Here are 4 tactics I’ve learned the hard way about building and maintaining great client relationships:
It is so simple in concept, but surprisingly difficult in practice. We are all busy - running multiple projects, hiring new talent, winning new business, paying the bills. It is a lot - and with all of the things going on day to day, it is easy to neglect one of the easiest things you can do to keep your clients happy: stay in touch! In our research on residential construction projects, we have found that over 80% of clients expect to talk to their builder or contractor multiple times per week with a majority expecting to have multiple interactions per day. This doesn’t mean that clients expect you to spend your entire day making phone calls. Rather, getting into the habit of simple, more frequent touch points go a long way to keeping everyone feeling positive about progress and that the lines of communication are open. Regular communication is essential - even when there aren’t major updates to share. It also makes having those tougher conversations a lot easier when they arise.
One of the most powerful lessons I learned in my career was that I didn’t have to do it all - that my clients had a major role to play in every project’s success. The issue is that in many cases, clients don’t actually know the role they are supposed to play and what is expected of them! This is especially true in construction, where it is common for clients to be engaging in their very first construction project. Let’s face it, most of us don’t tackle new home builds and renovations more than a few times in our lives. Don’t take for granted the amount of knowledge you have about how construction projects run. You’ve probably seen it all - and learned countless lessons over the years. But, your clients haven’t. Teach them. Educate them. Make it clear what you need from them, when you need it, and why you need it. Do this at the beginning of the project - ideally in writing - and continue to follow up and remind them along the way. Helping your clients make timely decisions about their materials and selections will go a long way toward ensuring a successful project - and a happy client.
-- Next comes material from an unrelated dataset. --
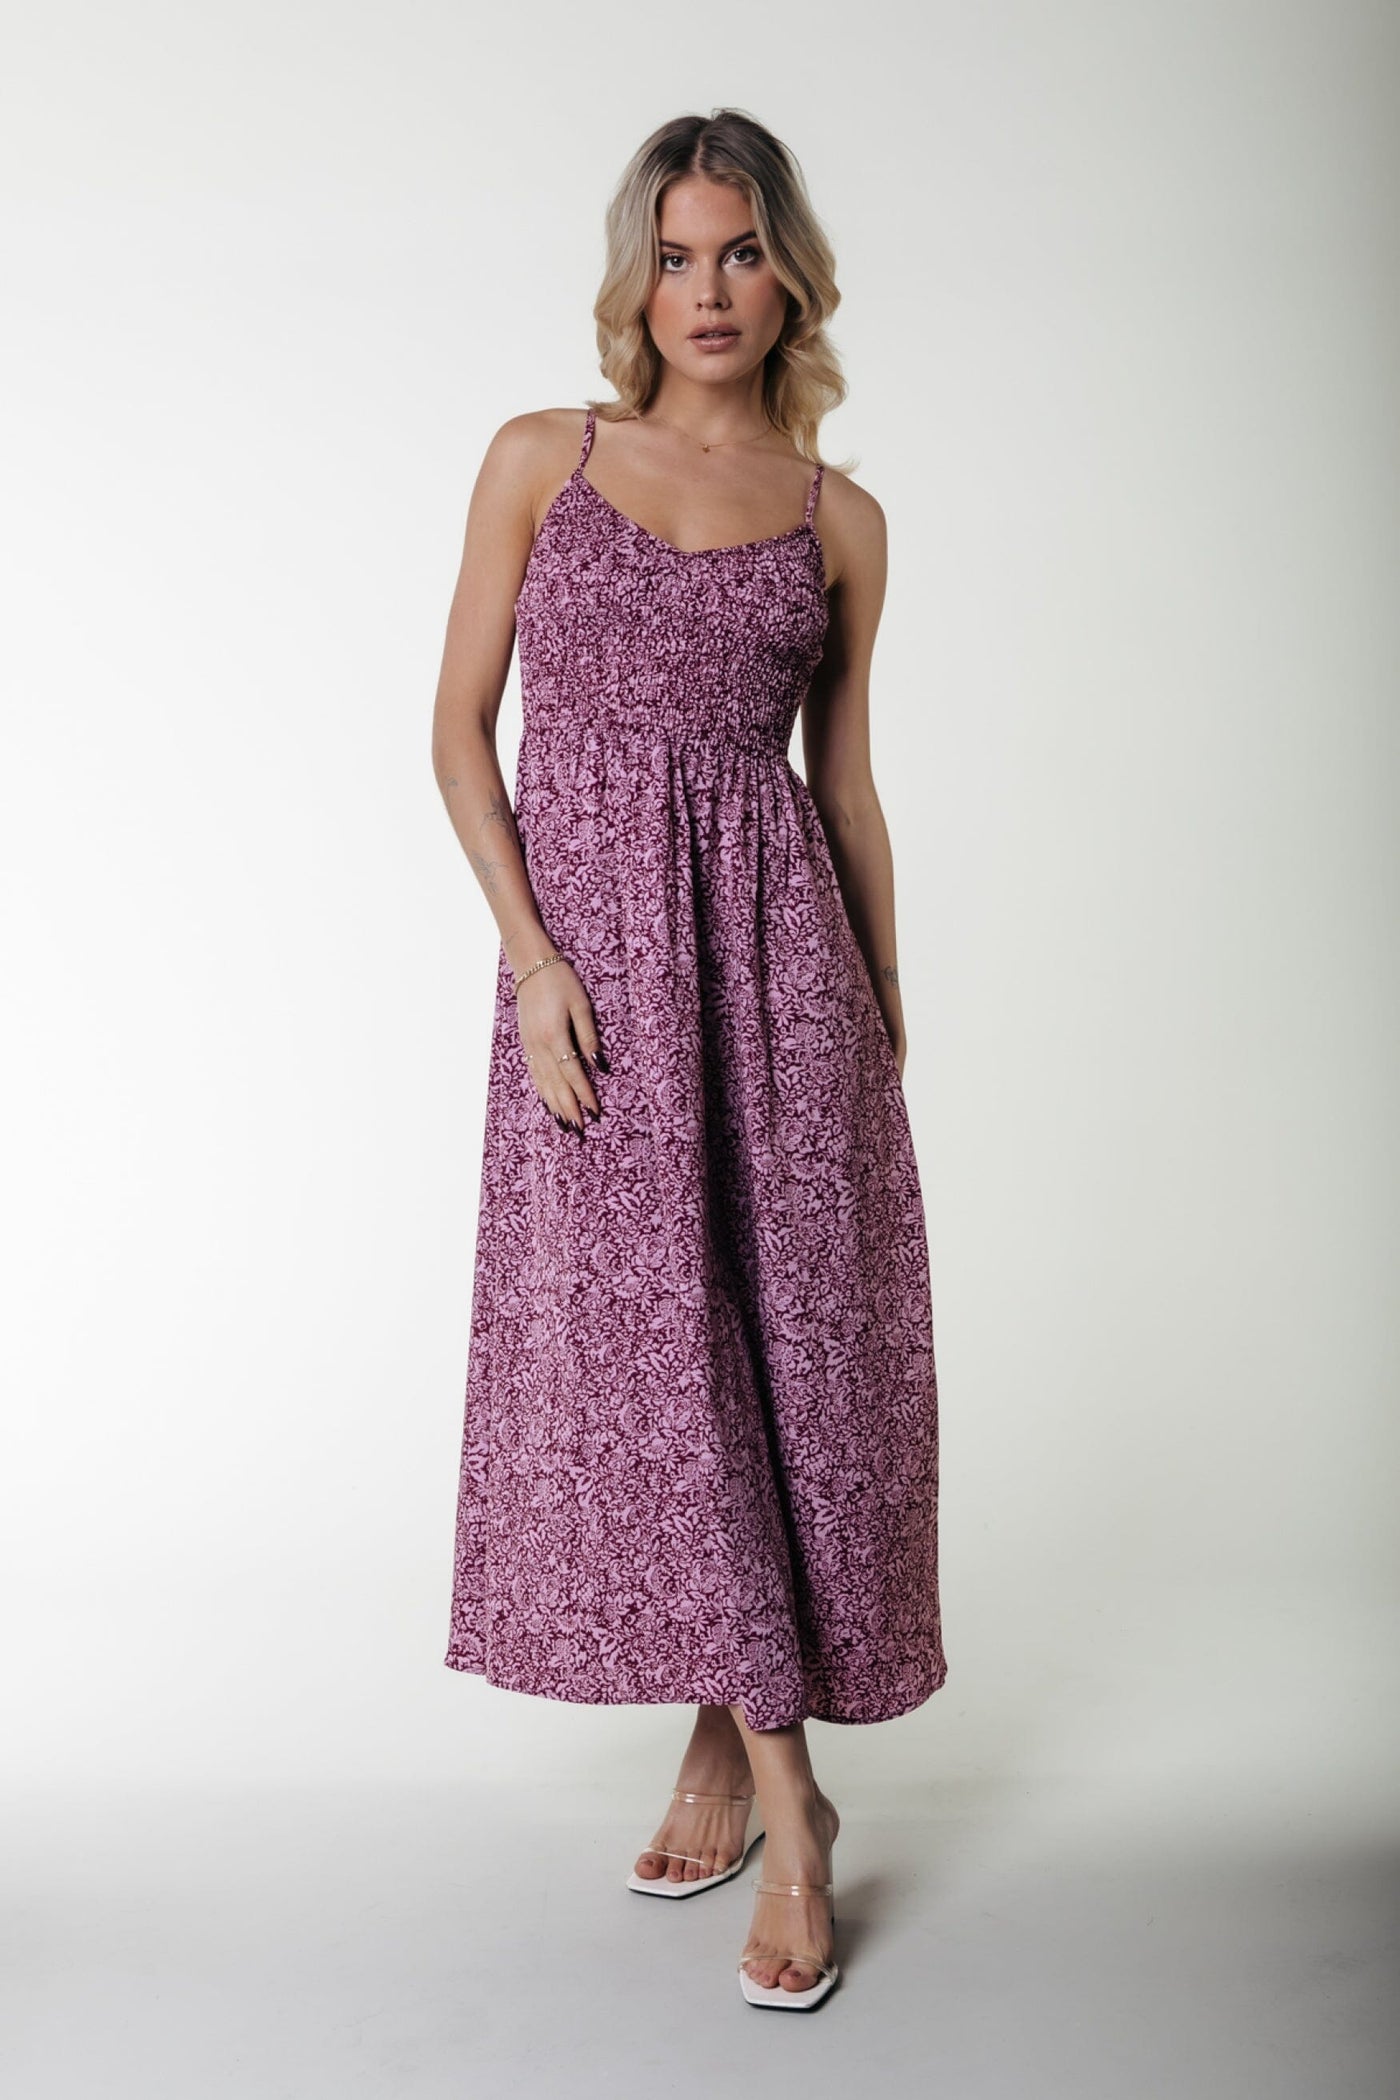 Colourful Rebel Sophie Floral Smock Maxi Dress SL | Medium pink 8720867033059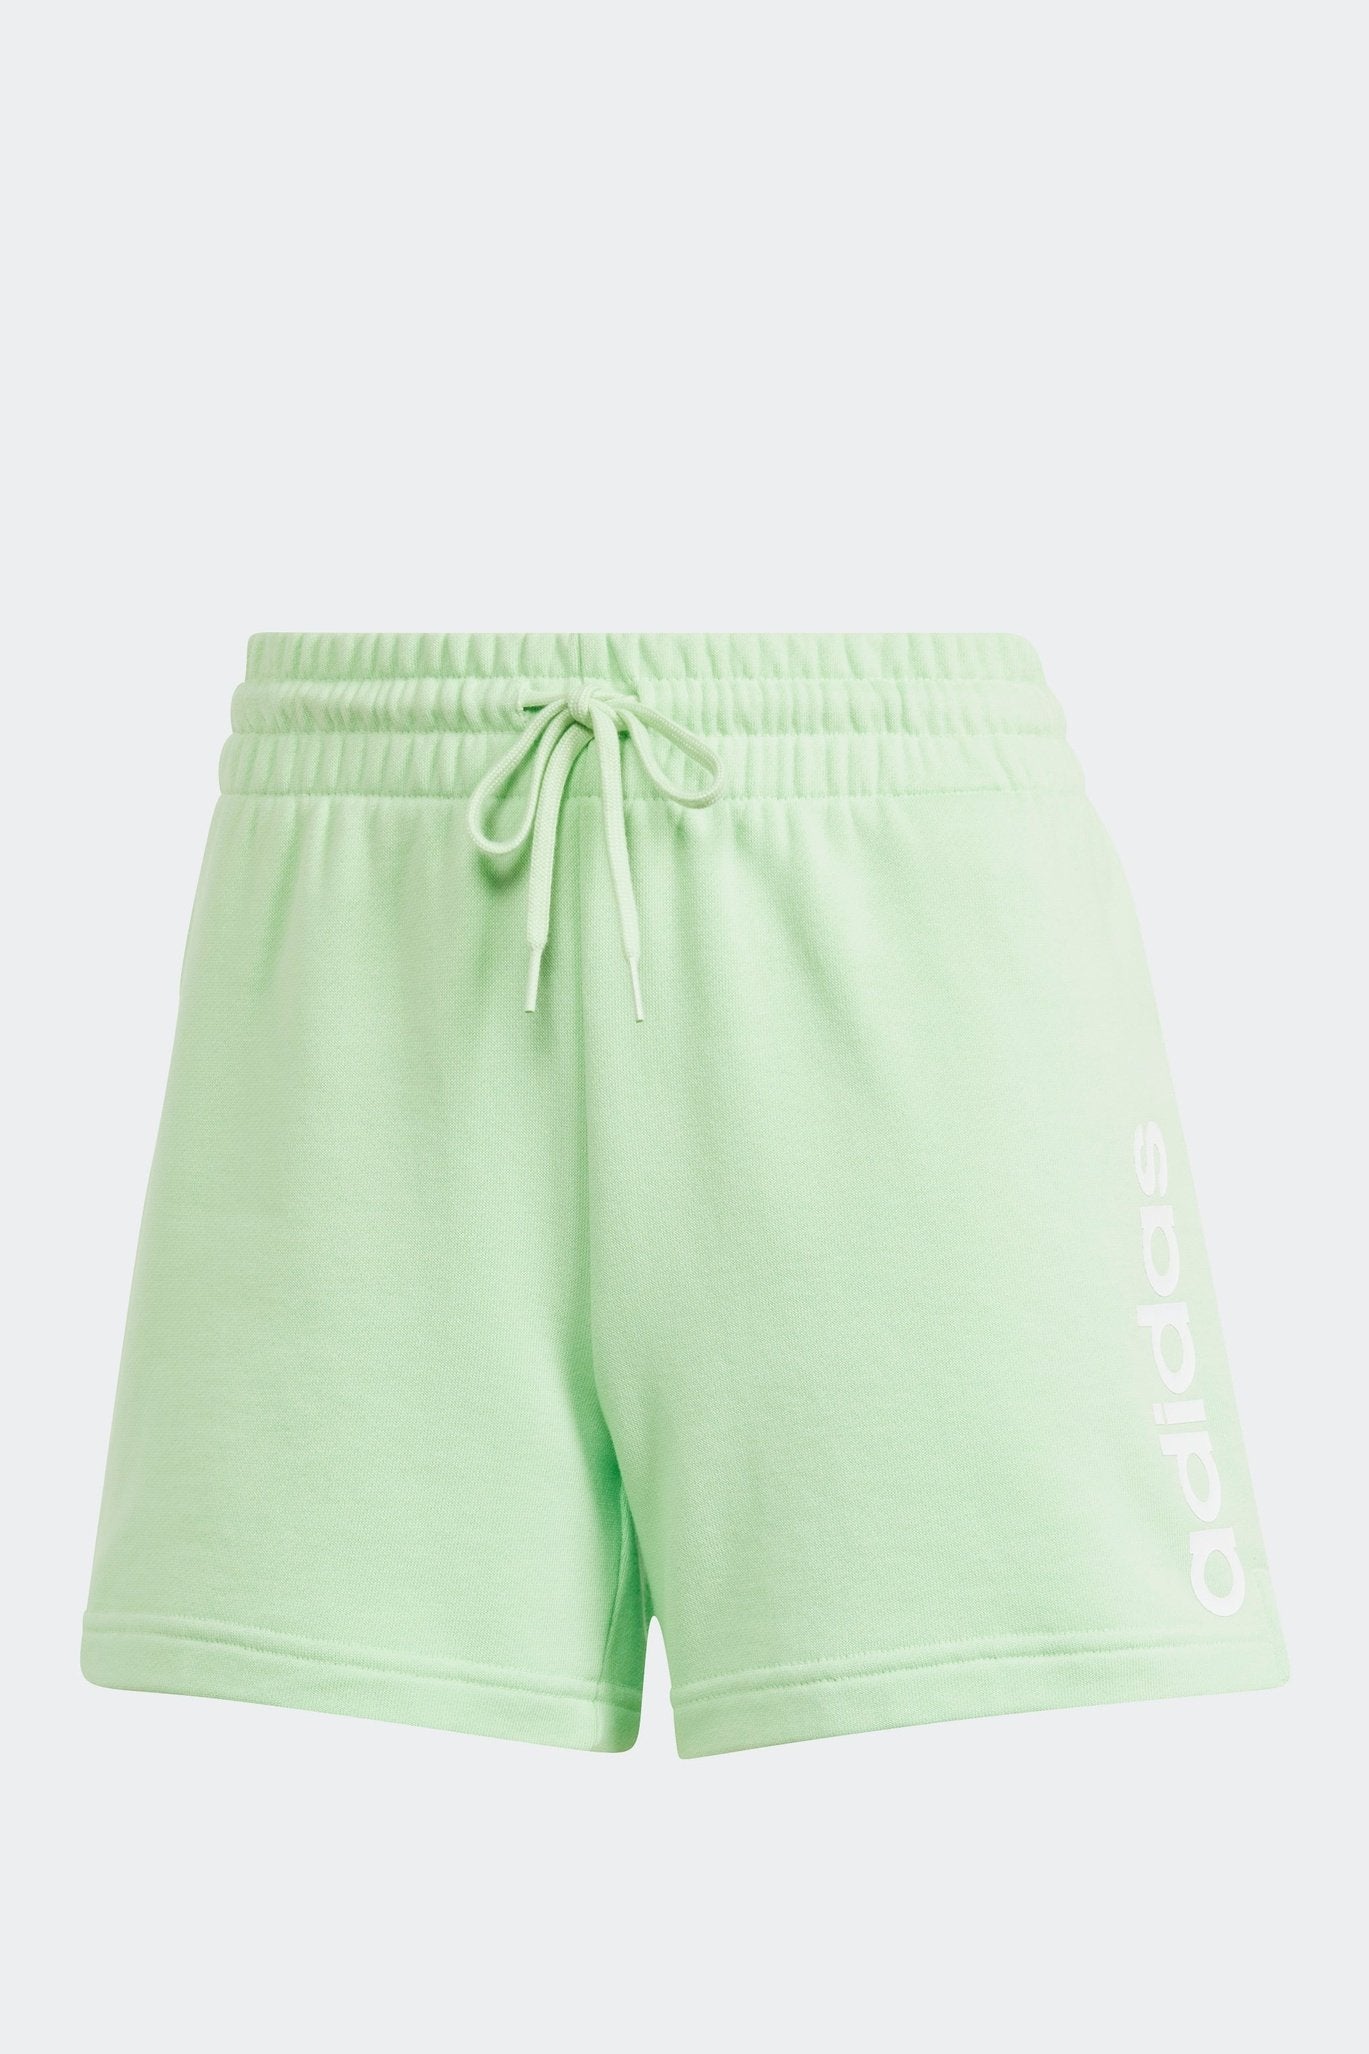 מכנסיים קצרים לנשים LIN FT בצבע ירוק בהיר

Find ways to ensure that your incentive structure is in sync with your clients best interests. One of the most overlooked tools to create alignment with your client is in how they pay you. There are multiple structures that can be considered - each of which has their merits based on your industry, company size, and goals. Regardless of which you choose, work hard to find ways to align your interests (profit and referrals!) with your customers (quality workmanship, projects that remain on schedule and fair pricing). One way to do this is to consider using a fixed management fee contract structure. In short, this means you are getting paid a fixed amount (typically based on a percentage of the original contract price) - which is fully transparent to your customer from the start. In this structure, you aren’t incentivized to have your customer go over budget. You are getting paid the same amount, regardless of the cost of materials and subcontracted labor. This allows you to guide customers throughout the project and build trust with them around your recommendations (product selections and labor techniques).
Word of mouth referrals are the lifeblood of any client service business - regardless of the industry. It is a given in every construction project - regardless of your contract structure, that there will be multiple opportunities to choose profit over quality. This isn’t about finding ways to cut corners in a vindictive way, it is about the inevitable disputes that arise during the course of a construction project and how those disputes get resolved. Like it or not, miscommunication happens far too often in construction. Erring on the side of quality - doing the right thing for the project, even if it means losing a few dollars of profit on the job - is almost always worth it in the end. If you have open lines of communication with your client, have set clear expectations for them along the way, and have your incentives aligned with theirs, it makes it a lot easier to compromise on disputes with both parties feeling like they got a fair deal.
In summary, good client management boils down to a pretty basic set of relationship principles. In a complicated industry like custom home construction, conflict is inevitable. So, laying the groundwork to manage it when it arises is well worth the effort. This is also why we are building the BuildBook platform - to help builders, their teams, and their clients communicate better together.
What other lessons do you think are essential to building and maintaining great client relationships?